Ainda assim a representação democrática resolveu só parte dos problemas. Sob a visão liberal moderna, aqueles representantes preocupados com a "coisa pública", escolhidos por meio do voto e de forma legítima, teriam poderes políticos para buscar a resolução de problemas dos cidadãos, apresentando os resultados de sua atuação de forma transparente e realizando proposições voltadas à esfera civil. O que ocorreu nos regimes modernos foi que os representantes, sozinhos, passaram a ocupar o papel dos representados no que diz respeito ao planejamento e discussão de políticas públicas. Essa voz que representaria um grande número de outras vozes ficou restrita e enfraqueceu a vertente participativa da democracia.

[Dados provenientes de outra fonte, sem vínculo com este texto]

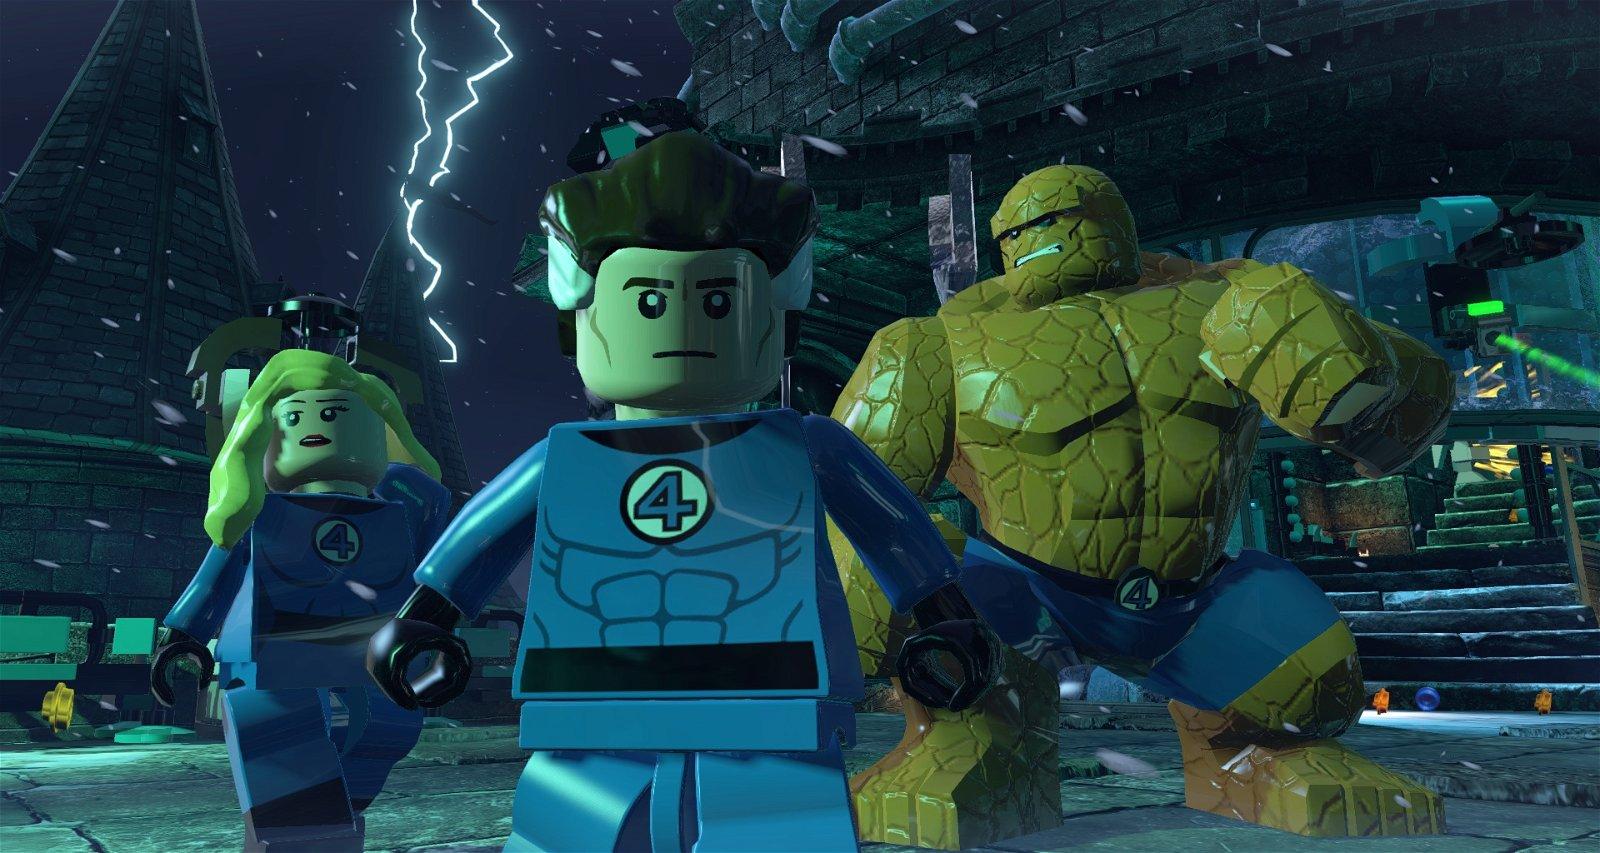 Legomarvelinsert2

Marques (2008) definiu essa situação afirmando que "o regime democrático moderno se degenerou na autonomia demasiada do sistema político".

A esfera civil passou a exigir, então, novos modos de atuar e intervir nas instituições e na vida pública. E as democracias passaram, por conseguinte, a contemplar outros mecanismos de participação que davam ênfase tanto à discussão e decisão política quanto à transparência e publicidade. Novas correntes democráticas se constituíram e, dentre elas, alcançou destaque o modelo deliberativo, mais tarde contestado pela ideia da democracia radical. São os princípios básicos, limites e desafios desses outros modelos democráticos, sob o enfoque da participação, que serão tratados no próximo tópico, no intuito de se aprofundar nas estruturas participativas que se instituíram em regimes modernos.

12 O modo como se esboçava a democracia direta na Atenas Clássica, com a soberania popular

prevalecendo nas decisões de negócios públicos, não corresponde, em parte, ao que ocorreu nesse modelo, como aponta Marques (2008): "a assembleia de cidadãos era apenas mais uma das instituições políticas componentes do Estado, e que a configuração política, já àquela época, previa um forte espaço para organizações estatais representativas. Algumas destas organizações, inclusive, possuíam, mesmo, a capacidade de reverter as decisões tomadas pela assembleia soberana de cidadãos".